Medicare Part D is optional prescription drug coverage that is offered through Medicare and other approved private companies. Medicare Part C covers a wide range of medical interventions, including necessary lab tests, surgeries and doctor visits, explains Medicare.gov.
Supplies such as wheelchairs and walkers are also part of Medicare Part C. Long-term treatment coverage includes nursing care facilities, nursing homes, hospice and home health care, states Medicare.gov. Medicare Advantage Plans, or Medicare Part C, have the same hospital and medical coverage that original Medicare does, and some include additional protection.

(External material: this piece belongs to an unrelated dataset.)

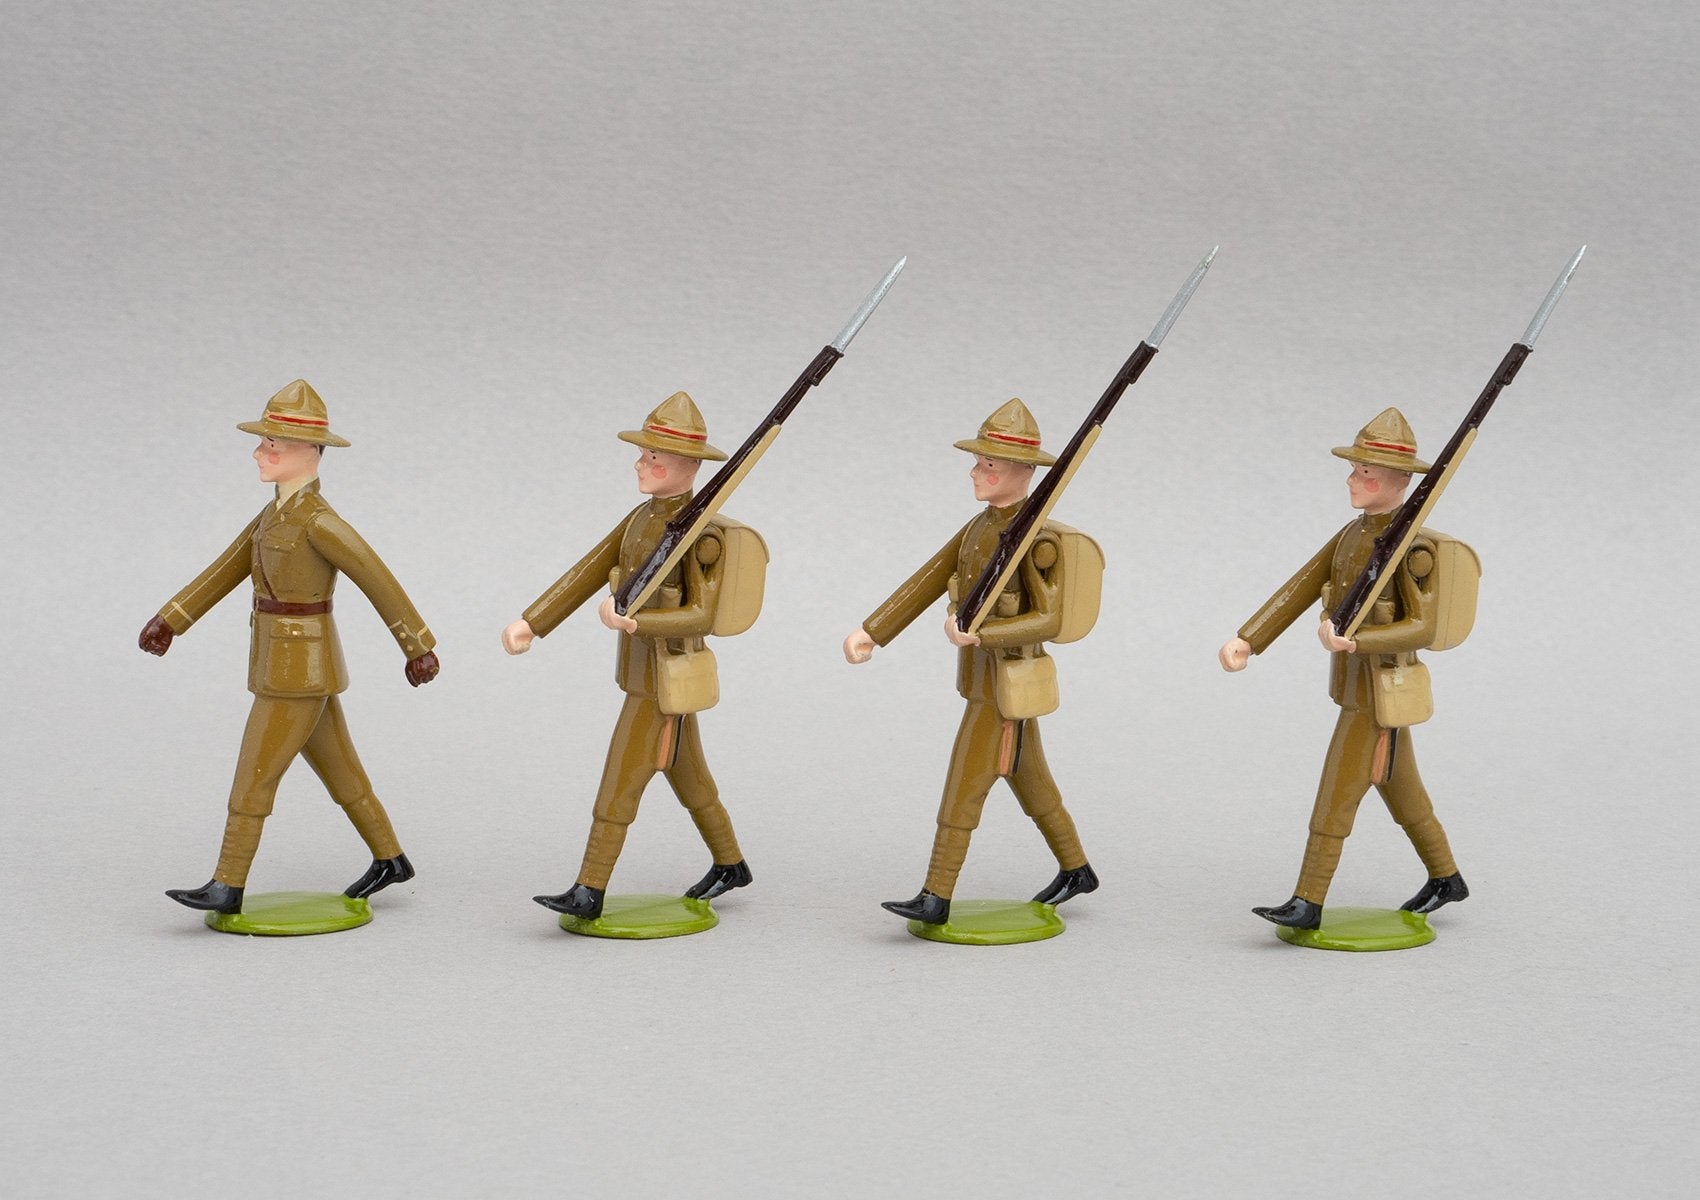 Set NZ4 NZ Infantry, France WWI | NZ Infantry | New Zealand | Set of four men, one officer, three men marching | WW1, Somme, Ypres, Arras, Western Front, Messines, Broodseinde, Passchendaele, Bapaume, Le Quesnoy | © Imperial Productions | Sculpt by David Cowe

Medicare Part D provides prescription drug insurance to individuals covered by Medicare, states Medicare.gov. Other Medicare programs, such as private fee-for-service plans and advantage plans, sometimes have the Part D component. Individuals are not allowed to have more than one type of prescription coverage.
Although the coverage is at least as comprehensive as original Medicare, Part C plans sometimes have different out-of-pocket expenses and specialist referral rules, Medicare.gov reveals. The doctors, facilities, and suppliers that accept Part C plans are not necessarily those who are connected to Medicare. The cost associated with a specific Medicare Advantage Plan depends upon its individual characteristics, such as the monthly premium, deductibles and copayments as well as the medical needs of the client.